Je suis passionné par la politique. J’aime agir dans l’intérêt de la vie quotidienne des gens. C’est ce que j’ai fait pendant dix ans, entre 2007 et 2017. J’ai vécu les débuts des nouveaux statuts de la Collectivité. J’ai suivi de très près leur préparation. Je m’engage dans l’intérêt de Saint-Barthélemy, de ses habitants, et pour préserver le statut tel qu’il a été rédigé. Il faut le faire vivre mais en commençant par bien appliquer les compétences qui sont les nôtres aujourd’hui. Je n’ai pas été là pendant des années pour des raisons personnelles. Pour autant, ma candidature est sérieuse. Je ne me suis pas réveillé hier matin en me disant que j’allais y aller. Tout cela a été réfléchi, structuré. Ce n’est pas improvisé. Sur le plan professionnel, je me suis organisé pour être disponible pour exercer cette mission. Un mandat parlementaire, je sais comment cela fonctionne.
Les autres candidats sont Micheline Jacques du groupe Saint-Barth d’Abord et Maxime Desouches pour Action-Équilibre.
Bénéficiez-vous de soutiens qui vous permettent d’espérer emporter cette élection ?
Tout d’abord, je connais plutôt bien la plupart des élus, avec lesquels j’ai travaillé activement, quels que soient les groupes dans lesquels ils sont aujourd’hui. Le fait de n’être impliqué dans aucun de ces groupes peut me permettre de faire consensus. Si je suis élu, je travaillerai avec tout le monde. Localement, on peut avoir tous les débats que l’on veut sur des sujets importants, mais à partir du moment où l’on sort du territoire pour défendre les intérêts de Saint-Barthélemy, il faut parler d’une seule voix. Donc il faut faire consensus. Aussi bien avec le président de la Collectivité, les élus et le député.
Quels sont les sujets que le prochain sénateur devra porter ? Quels seront vos chevaux de bataille ?

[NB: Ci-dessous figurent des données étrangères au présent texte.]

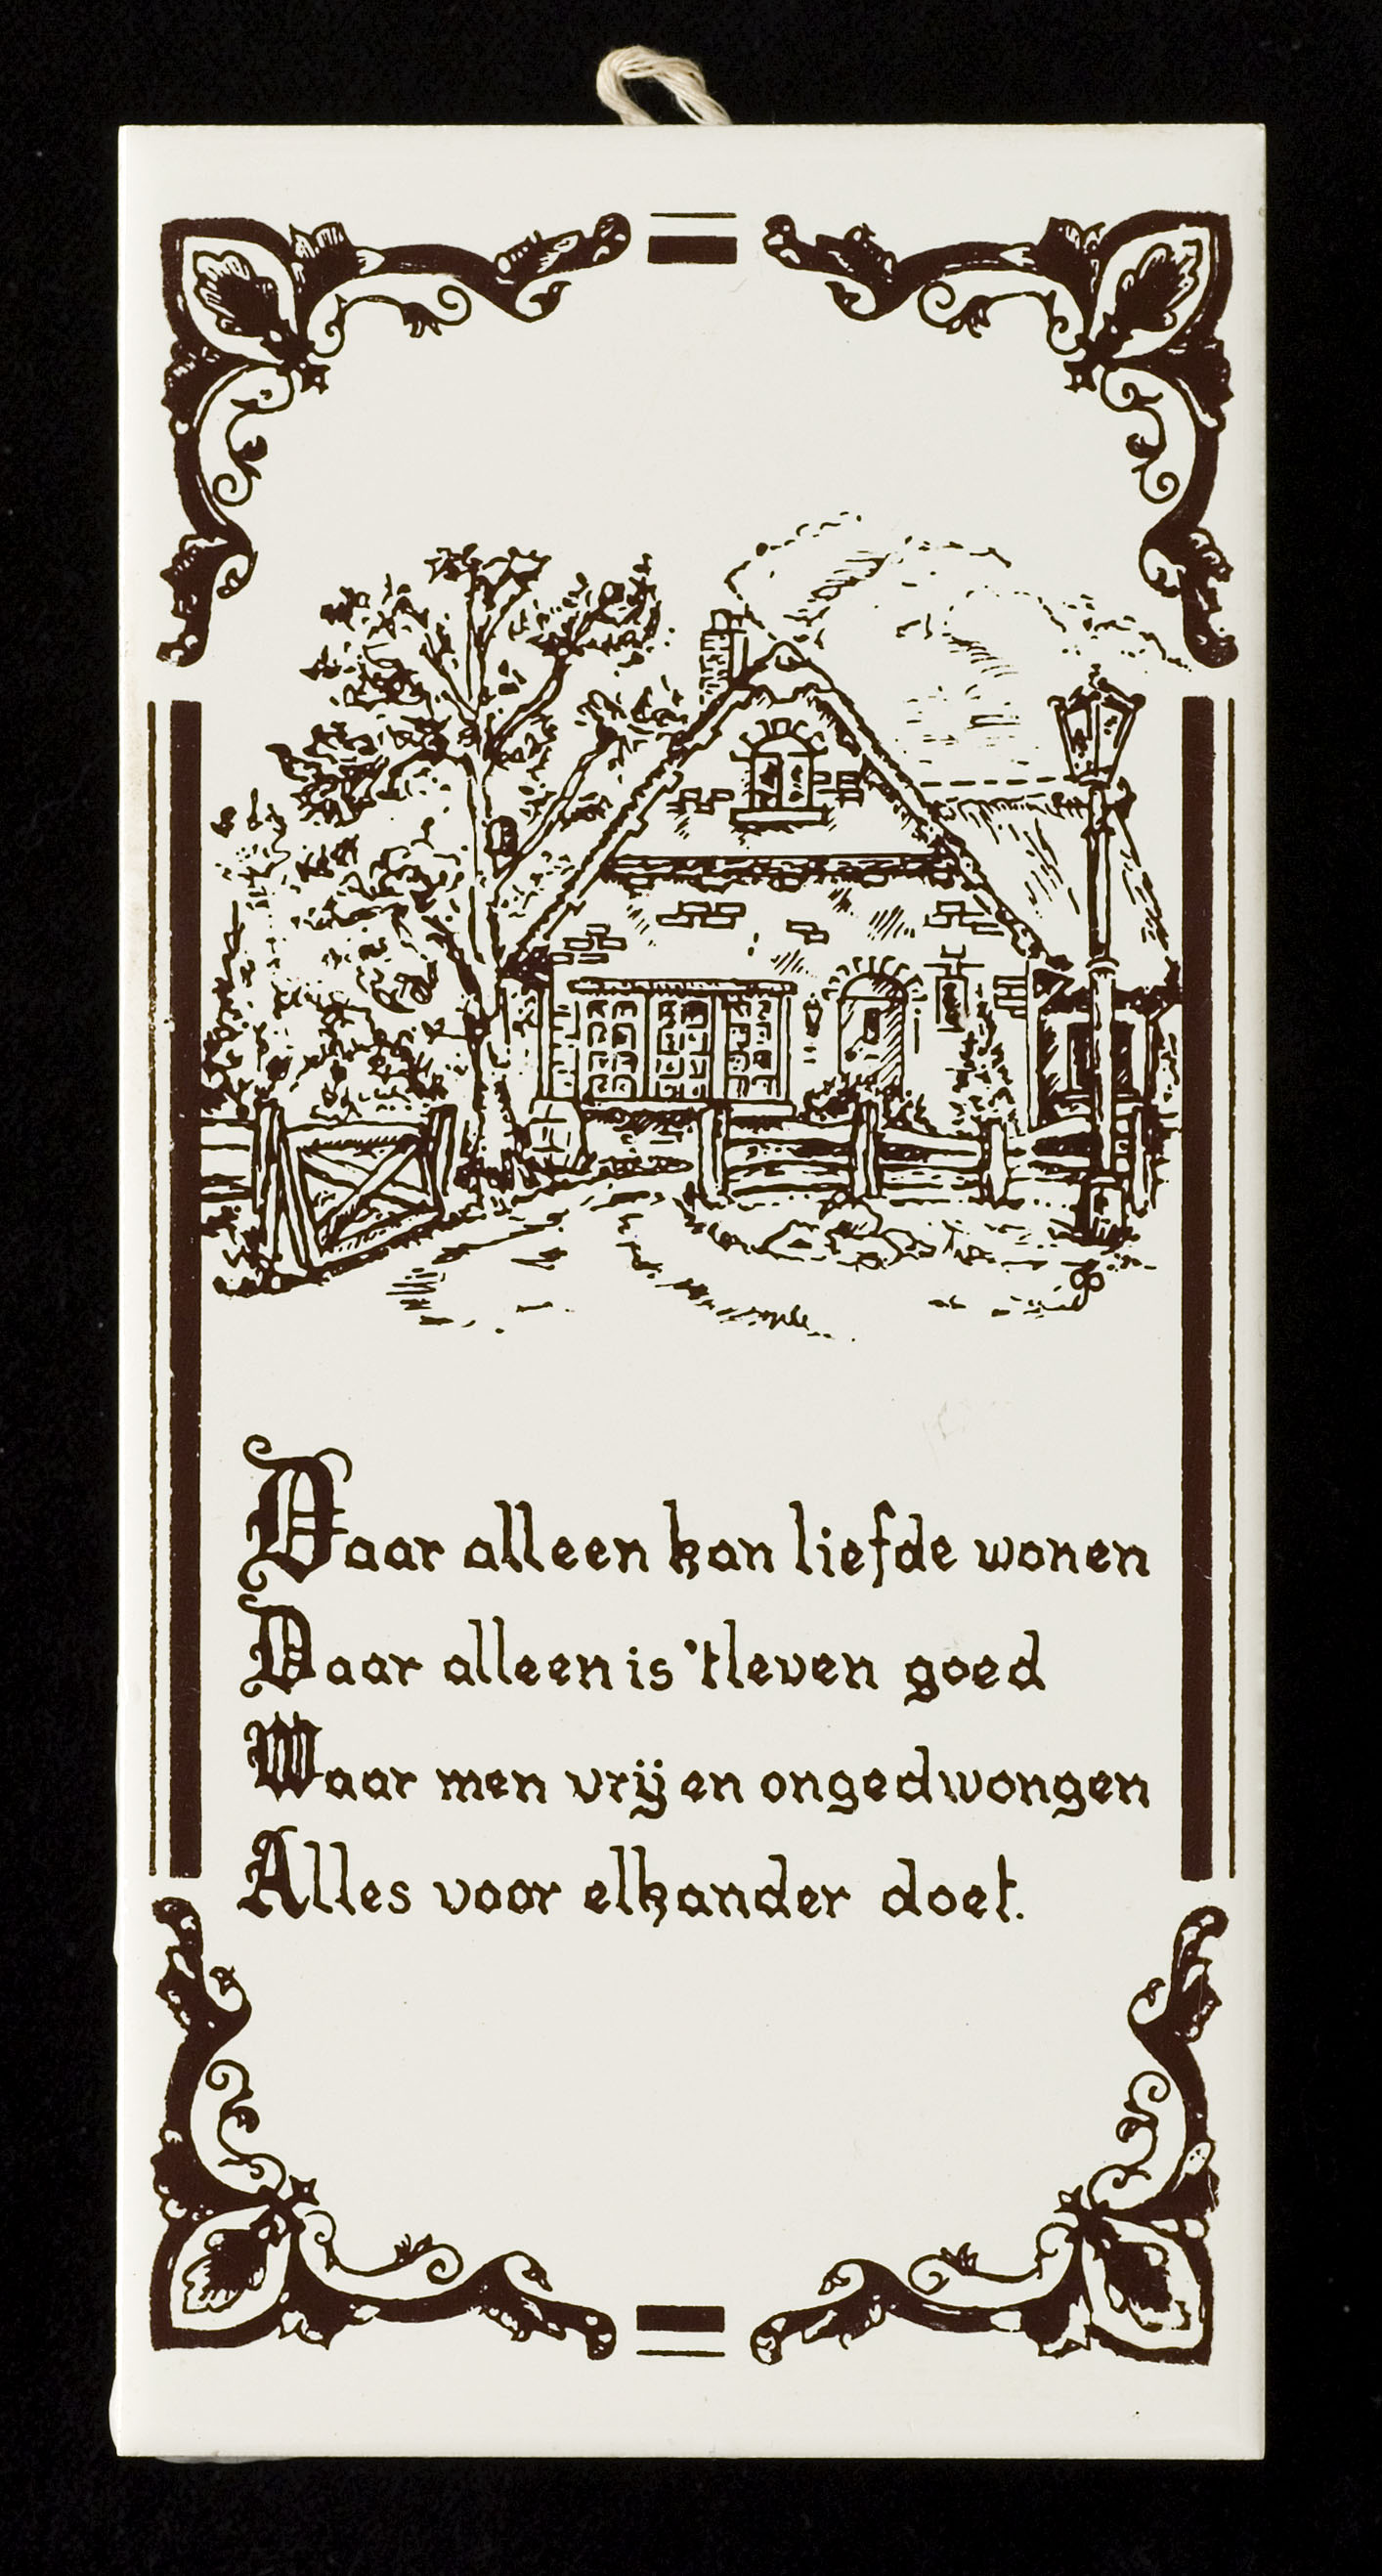 Tegel tekst het geheugen van nederland online beeldbank van archieven musea en bibliotheken - Lino imitatie oude tegel ...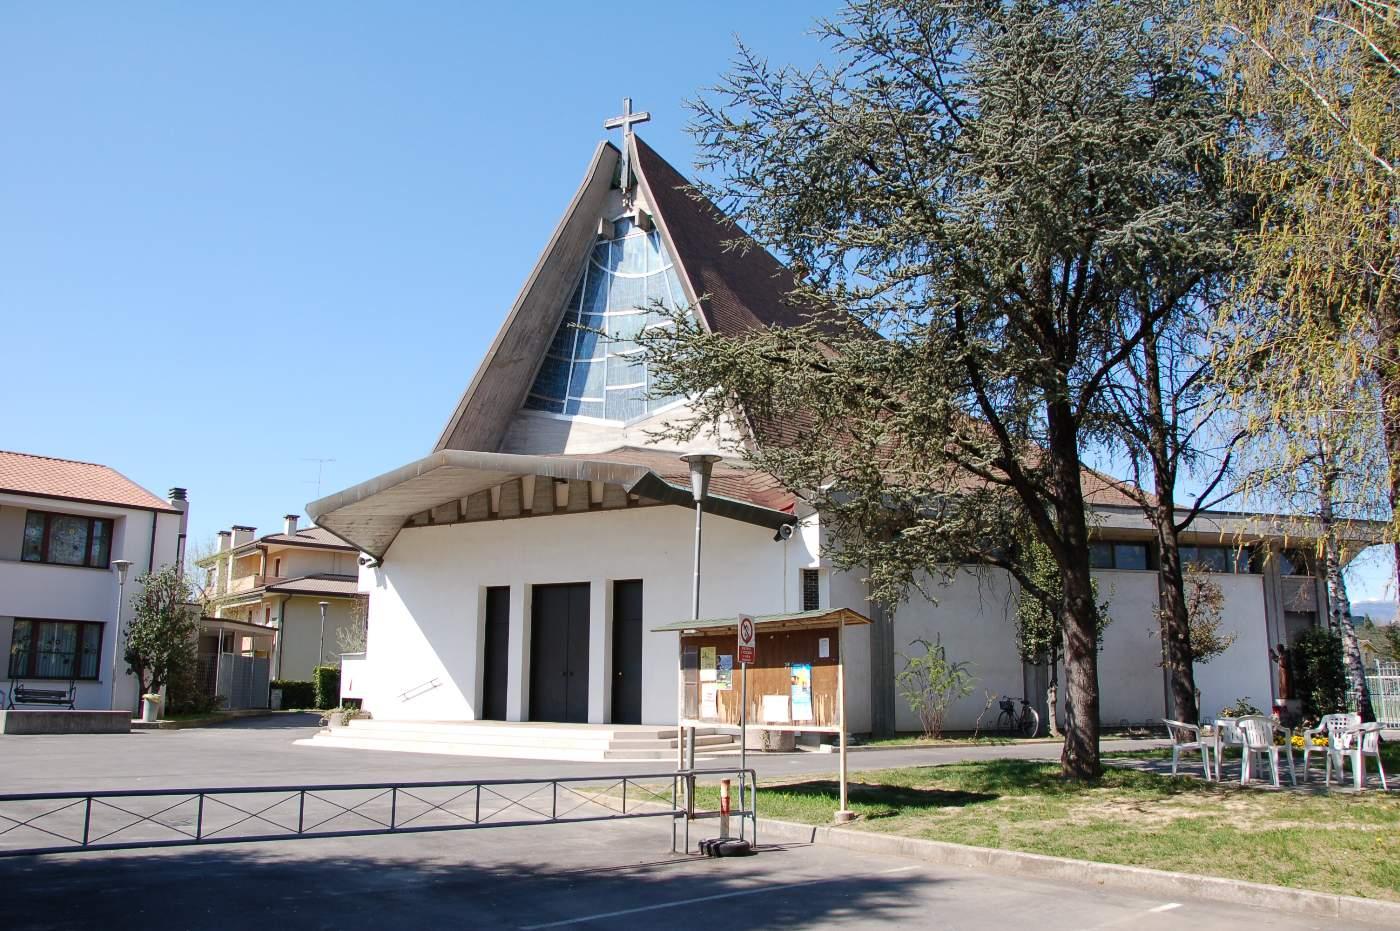 Conegliano-chiesa beata maria vergine di fatima

On a tendance à confondre le rôle du sénateur et celui d’un élu de la Collectivité. Au Sénat, ce n’est pas le sénateur qui fixe l’ordre du jour. L’essentiel des missions concernent les projets de loi qui sont mis à l’ordre du jour par le gouvernement. Si on a un sujet à proposer pour Saint-Barthélemy, il faut trouver le moyen de l’inscrire à l’ordre du jour, ce n’est pas évident. Le programme, ce sont les élections territoriales de mars prochain qui vont le définir. Mais il y a des projets de loi à défendre dans l’intérêt de Saint-Barthélemy, et surtout faire connaître la réalité du terrain. Rappeler tout le temps que l’image que l’on voit dans les magazines n’est pas la réalité. Les précédents sénateurs ont très bien fait ce travail. La question des sanctions pénales de l’environnement sera à travailler, les problématiques de santé et d’éducation devront être évoquées, et le gros sujet de fond sera tout ce qui est clarification de la question fiscale. Une autre question importante à traiter sera celle des donations et successions. Pour éviter que l’île se départisse de son histoire et de sa population. C’est un enjeu important pour que Saint-Barth conserve son authenticité.
Dans un contexte de relative instabilité politique à l’échelon national, quel sera le rôle du futur sénateur de Saint-Barthélemy ?
A défaut de programme, mon rôle sera de faire consensus et l’interface à Paris par rapport aux choix politiques qui sont faits ici. Le Sénat est relativement stable politiquement. Il y aura peut-être des repositionnements au niveau des petits groupes parlementaires, mais c’est un autre sujet et nous n’y sommes pas encore.
Nourrissez-vous des ambitions pour les élections territoriales de mars prochain ?
On ne peut pas avoir été élu et ne pas y songer. J’écoute les conseils territoriaux, je suis les dossiers, donc c’est une chose à laquelle on pense toujours. Mais si je suis au Sénat, je ne ferai pas de liste, cela va de soi. Si je n’y suis pas, il est possible que j’y aille, tout dépendra des listes qui se créent. Mais si je suis sénateur, je le serai à 100%, pleinement investi. Je ne candidate pas aux sénatoriales comme un plan B. Je le fais parce que ça m’intéresse et que je peux avoir une vraie valeur ajoutée. Je suis confiant.